(Stored records)
○ ○ ○ ○
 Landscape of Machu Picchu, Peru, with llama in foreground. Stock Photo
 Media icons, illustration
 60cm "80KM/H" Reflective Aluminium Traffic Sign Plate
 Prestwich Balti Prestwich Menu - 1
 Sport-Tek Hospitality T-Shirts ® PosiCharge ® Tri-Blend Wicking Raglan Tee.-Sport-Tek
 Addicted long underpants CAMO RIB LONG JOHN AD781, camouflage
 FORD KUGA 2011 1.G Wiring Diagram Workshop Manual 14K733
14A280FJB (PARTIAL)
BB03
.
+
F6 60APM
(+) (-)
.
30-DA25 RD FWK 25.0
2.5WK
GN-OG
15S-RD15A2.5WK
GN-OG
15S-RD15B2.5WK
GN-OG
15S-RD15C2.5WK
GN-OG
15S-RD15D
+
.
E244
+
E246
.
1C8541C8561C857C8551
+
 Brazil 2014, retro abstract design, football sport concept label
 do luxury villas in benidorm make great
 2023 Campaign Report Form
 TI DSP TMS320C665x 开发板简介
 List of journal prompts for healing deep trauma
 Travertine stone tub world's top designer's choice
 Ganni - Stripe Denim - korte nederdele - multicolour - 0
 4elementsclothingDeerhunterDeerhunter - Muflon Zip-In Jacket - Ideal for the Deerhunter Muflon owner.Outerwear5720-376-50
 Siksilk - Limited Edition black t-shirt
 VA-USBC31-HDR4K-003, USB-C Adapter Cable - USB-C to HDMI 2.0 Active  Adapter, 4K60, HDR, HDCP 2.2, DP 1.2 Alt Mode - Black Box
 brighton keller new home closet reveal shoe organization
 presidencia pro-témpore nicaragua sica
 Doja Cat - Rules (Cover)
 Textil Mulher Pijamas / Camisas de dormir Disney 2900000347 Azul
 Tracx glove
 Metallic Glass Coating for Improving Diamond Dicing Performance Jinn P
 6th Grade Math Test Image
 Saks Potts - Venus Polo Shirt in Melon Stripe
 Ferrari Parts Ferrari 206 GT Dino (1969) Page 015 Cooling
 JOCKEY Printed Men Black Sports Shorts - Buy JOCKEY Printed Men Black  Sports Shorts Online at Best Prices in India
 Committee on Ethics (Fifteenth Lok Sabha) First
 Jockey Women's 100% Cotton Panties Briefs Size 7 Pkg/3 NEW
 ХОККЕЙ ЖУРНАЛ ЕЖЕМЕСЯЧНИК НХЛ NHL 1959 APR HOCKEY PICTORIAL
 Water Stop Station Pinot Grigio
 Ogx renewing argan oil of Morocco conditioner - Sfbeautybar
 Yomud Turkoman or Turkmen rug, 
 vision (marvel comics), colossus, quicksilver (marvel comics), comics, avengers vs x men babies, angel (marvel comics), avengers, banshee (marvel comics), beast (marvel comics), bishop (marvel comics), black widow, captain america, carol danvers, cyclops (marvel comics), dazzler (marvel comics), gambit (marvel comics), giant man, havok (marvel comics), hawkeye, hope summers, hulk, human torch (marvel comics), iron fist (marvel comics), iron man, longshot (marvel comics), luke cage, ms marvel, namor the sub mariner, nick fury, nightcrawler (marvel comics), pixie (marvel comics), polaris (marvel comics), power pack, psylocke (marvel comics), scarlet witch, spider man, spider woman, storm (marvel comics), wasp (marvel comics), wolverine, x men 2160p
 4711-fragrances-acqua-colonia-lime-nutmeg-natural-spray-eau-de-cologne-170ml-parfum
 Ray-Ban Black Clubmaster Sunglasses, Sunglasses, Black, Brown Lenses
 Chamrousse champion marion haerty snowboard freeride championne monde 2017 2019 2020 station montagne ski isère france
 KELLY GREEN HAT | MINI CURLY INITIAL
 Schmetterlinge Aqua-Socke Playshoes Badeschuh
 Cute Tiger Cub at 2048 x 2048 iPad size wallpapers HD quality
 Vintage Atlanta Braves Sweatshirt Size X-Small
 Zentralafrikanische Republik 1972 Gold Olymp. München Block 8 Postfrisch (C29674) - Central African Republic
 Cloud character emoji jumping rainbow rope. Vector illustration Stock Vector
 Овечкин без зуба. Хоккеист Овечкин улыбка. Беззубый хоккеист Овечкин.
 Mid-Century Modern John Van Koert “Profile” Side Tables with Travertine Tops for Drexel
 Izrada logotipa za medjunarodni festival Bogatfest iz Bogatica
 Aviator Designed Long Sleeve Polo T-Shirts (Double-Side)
○ ○ ○ ○
## EXERCISE
What is needed is each line of the data, printed exactly.

## SOLUTION TO THIS PROBLEM
 Landscape of Machu Picchu, Peru, with llama in foreground. Stock Photo
 Media icons, illustration
 60cm "80KM/H" Reflective Aluminium Traffic Sign Plate
 Prestwich Balti Prestwich Menu - 1
 Sport-Tek Hospitality T-Shirts ® PosiCharge ® Tri-Blend Wicking Raglan Tee.-Sport-Tek
 Addicted long underpants CAMO RIB LONG JOHN AD781, camouflage
 FORD KUGA 2011 1.G Wiring Diagram Workshop Manual 14K733
14A280FJB (PARTIAL)
BB03
.
+
F6 60APM
(+) (-)
.
30-DA25 RD FWK 25.0
2.5WK
GN-OG
15S-RD15A2.5WK
GN-OG
15S-RD15B2.5WK
GN-OG
15S-RD15C2.5WK
GN-OG
15S-RD15D
+
.
E244
+
E246
.
1C8541C8561C857C8551
+
 Brazil 2014, retro abstract design, football sport concept label
 do luxury villas in benidorm make great
 2023 Campaign Report Form
 TI DSP TMS320C665x 开发板简介
 List of journal prompts for healing deep trauma
 Travertine stone tub world's top designer's choice
 Ganni - Stripe Denim - korte nederdele - multicolour - 0
 4elementsclothingDeerhunterDeerhunter - Muflon Zip-In Jacket - Ideal for the Deerhunter Muflon owner.Outerwear5720-376-50
 Siksilk - Limited Edition black t-shirt
 VA-USBC31-HDR4K-003, USB-C Adapter Cable - USB-C to HDMI 2.0 Active  Adapter, 4K60, HDR, HDCP 2.2, DP 1.2 Alt Mode - Black Box
 brighton keller new home closet reveal shoe organization
 presidencia pro-témpore nicaragua sica
 Doja Cat - Rules (Cover)
 Textil Mulher Pijamas / Camisas de dormir Disney 2900000347 Azul
 Tracx glove
 Metallic Glass Coating for Improving Diamond Dicing Performance Jinn P
 6th Grade Math Test Image
 Saks Potts - Venus Polo Shirt in Melon Stripe
 Ferrari Parts Ferrari 206 GT Dino (1969) Page 015 Cooling
 JOCKEY Printed Men Black Sports Shorts - Buy JOCKEY Printed Men Black  Sports Shorts Online at Best Prices in India
 Committee on Ethics (Fifteenth Lok Sabha) First
 Jockey Women's 100% Cotton Panties Briefs Size 7 Pkg/3 NEW
 ХОККЕЙ ЖУРНАЛ ЕЖЕМЕСЯЧНИК НХЛ NHL 1959 APR HOCKEY PICTORIAL
 Water Stop Station Pinot Grigio
 Ogx renewing argan oil of Morocco conditioner - Sfbeautybar
 Yomud Turkoman or Turkmen rug, 
 vision (marvel comics), colossus, quicksilver (marvel comics), comics, avengers vs x men babies, angel (marvel comics), avengers, banshee (marvel comics), beast (marvel comics), bishop (marvel comics), black widow, captain america, carol danvers, cyclops (marvel comics), dazzler (marvel comics), gambit (marvel comics), giant man, havok (marvel comics), hawkeye, hope summers, hulk, human torch (marvel comics), iron fist (marvel comics), iron man, longshot (marvel comics), luke cage, ms marvel, namor the sub mariner, nick fury, nightcrawler (marvel comics), pixie (marvel comics), polaris (marvel comics), power pack, psylocke (marvel comics), scarlet witch, spider man, spider woman, storm (marvel comics), wasp (marvel comics), wolverine, x men 2160p
 4711-fragrances-acqua-colonia-lime-nutmeg-natural-spray-eau-de-cologne-170ml-parfum
 Ray-Ban Black Clubmaster Sunglasses, Sunglasses, Black, Brown Lenses
 Chamrousse champion marion haerty snowboard freeride championne monde 2017 2019 2020 station montagne ski isère france
 KELLY GREEN HAT | MINI CURLY INITIAL
 Schmetterlinge Aqua-Socke Playshoes Badeschuh
 Cute Tiger Cub at 2048 x 2048 iPad size wallpapers HD quality
 Vintage Atlanta Braves Sweatshirt Size X-Small
 Zentralafrikanische Republik 1972 Gold Olymp. München Block 8 Postfrisch (C29674) - Central African Republic
 Cloud character emoji jumping rainbow rope. Vector illustration Stock Vector
 Овечкин без зуба. Хоккеист Овечкин улыбка. Беззубый хоккеист Овечкин.
 Mid-Century Modern John Van Koert “Profile” Side Tables with Travertine Tops for Drexel
 Izrada logotipa za medjunarodni festival Bogatfest iz Bogatica
 Aviator Designed Long Sleeve Polo T-Shirts (Double-Side)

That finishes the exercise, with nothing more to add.